The real question is where did the variations in genetic information and epigenetic organisation come from to make up the new body plans?

On the induction from observations, and from needle in a haystack config space search analysis from what we observe for functionally specific information beyond the solar system or cosmological thresholds, we have excellent reason to infer to intelligence.

In that context, questions on the age of the earth or of life on it, or of the solar system and cosmos, or geological eras and fossil life forms, or homologies at gross and genomic levels or proteinome levels etc. etc., are simply irrelevant.

The decisive issue is that there is a need for advocates of evolutionary materialism to demonstrate analytically and empirically, that information beyond the threshold set by the log reduced Chi metric, can be produced as a practical matter by undirected forces of chance and necessity.

Namely:

Chi_500 = I*S – 500, bits beyond the [solar system]  threshold.
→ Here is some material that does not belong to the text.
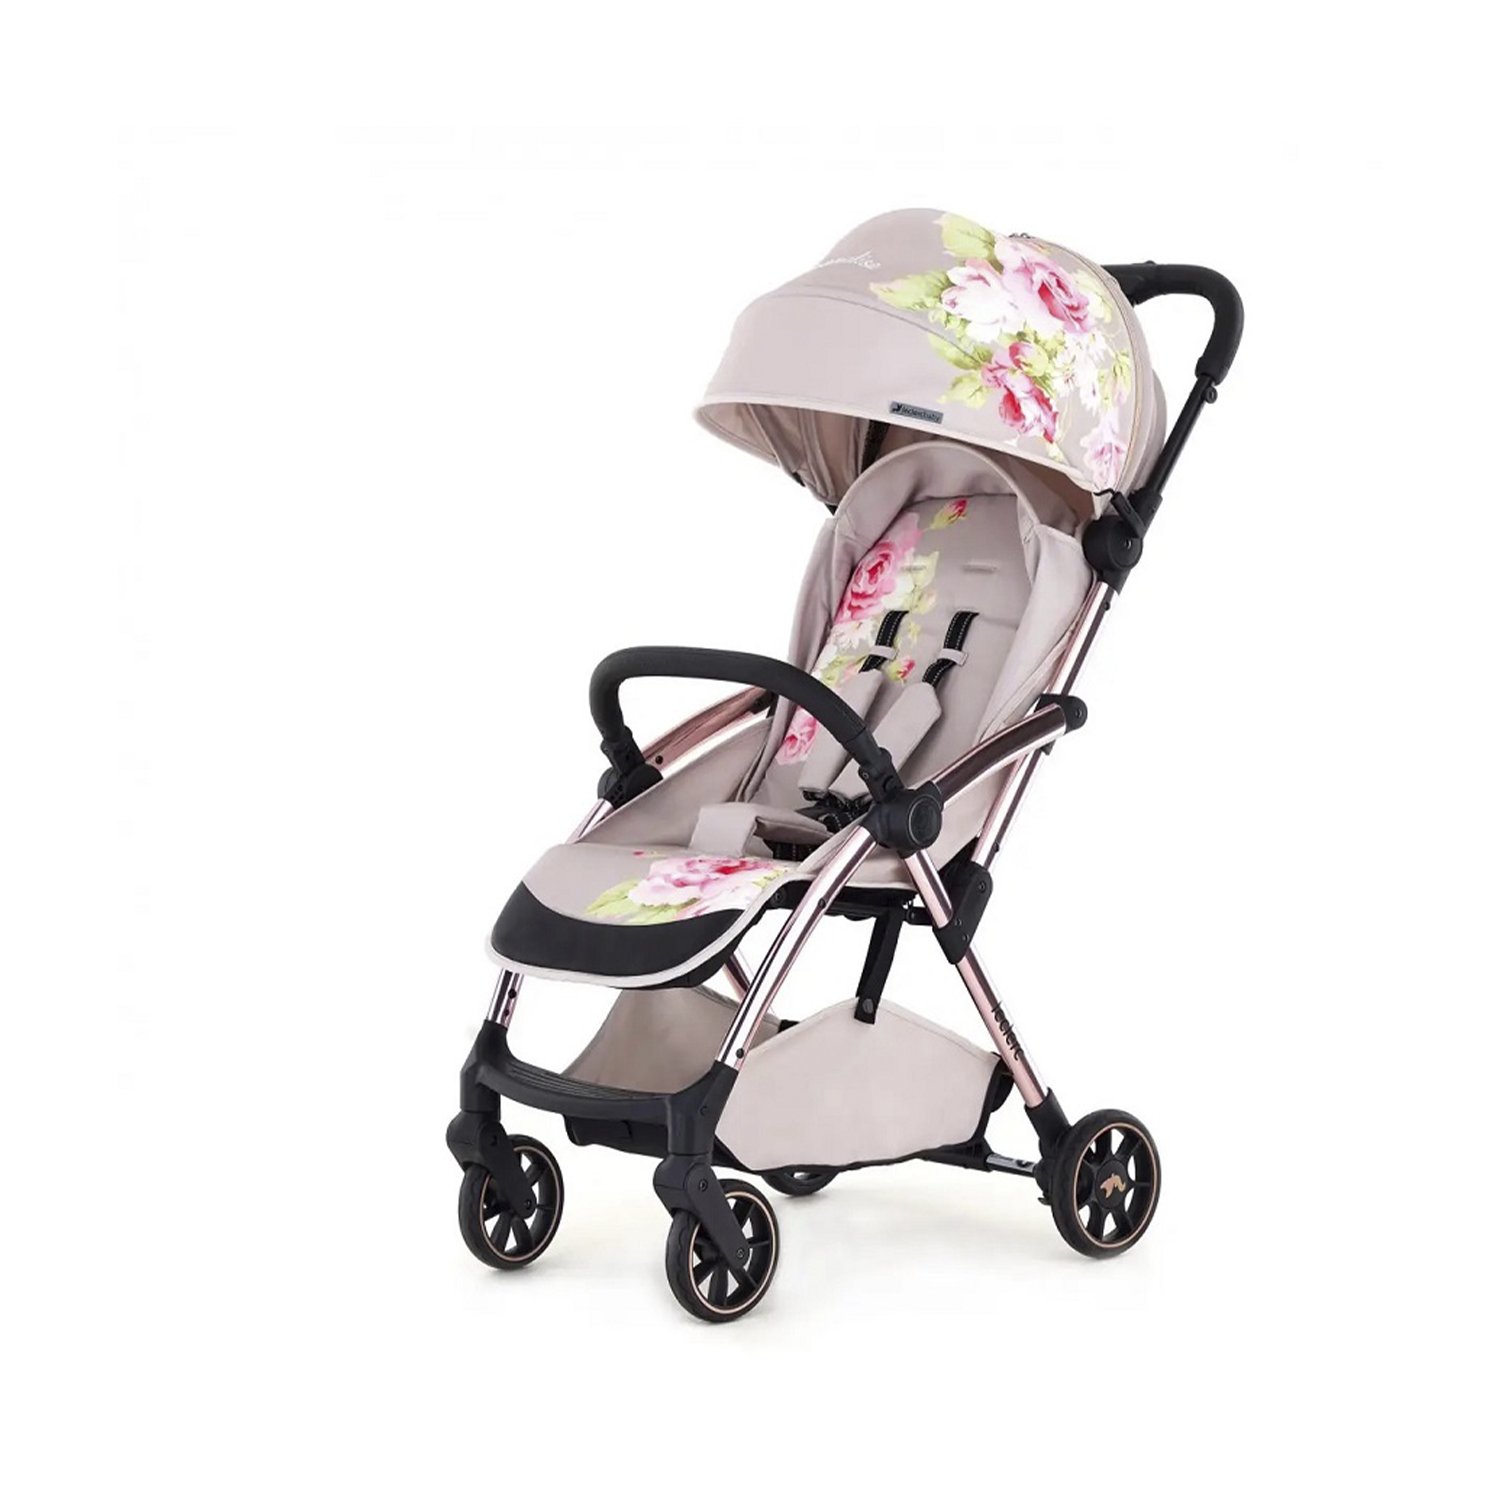 Коляска прогулочная Leclerc Baby+сумка прогулочная коляска monnalisa birch сумка для коляски leclerc baby

To date, such is conspicuous by absence, active information driven genetic algorithms (it seems the latest misleading icon of evolution promotion) notwithstanding.

The only — and abundantly — empirically well-warranted source of such FSCO/I is design.

Design as that tweredun is thus an empirically and analytically well warranted inference on the sign of FSCO/I.

Whodunit or whateverdunit — let’s line up a few suspects:

a: our advanced race of let’s call them “angels” or even “gods” or “aeons” or other parties?

b: Some other entity or party like an ancient race seeding the cosmos because they were lonely or curious [a la Star Trek]? Or,

c: this is all a super-Matrix world? Or

d: not least, the same as who on the sign of cosmological fine tuning of a cosmos for C-chemistry, cell based life with a credible beginning at a finite point in the past?

. . . why, can be deferred to a second level issue.

As at now, absent an empirically credible chance and necessity explanation for the FSCO/I in an original cell based life form which has metabolism joined to code driven self replication a la von Neumann, and for the FSCO/I in major body plans from kelp to bamboo to toadstools to fish, crabs, worms, birds and us, we have a perfect epistemic RIGHT to hold that the evidence points to design as the most credible explanation for cell based life and its forms.

We already have proof of concept in hand thanks to Venter et al, so it is those who wish to hold otherwise who need to provide a good, empirically warranted explanation.

A priori imposed materialism, politically correct censorship and career busting joined to smears against those who differ, will not do.>>

_______________

So, dear onlooker,  Let’s think: is the whole contentious debate over “evolution” vs “creationism, and whether Intelligent design is “creationism in a cheap tuxedo,” simply a grand exercise in a distractive red herrings dragged across the track of the real core issue the source of information, and then led away to caricatured strawmen soaked in ad hominems and set alight through snide, willfully deceptive rhetoric by the likes of the NCSE?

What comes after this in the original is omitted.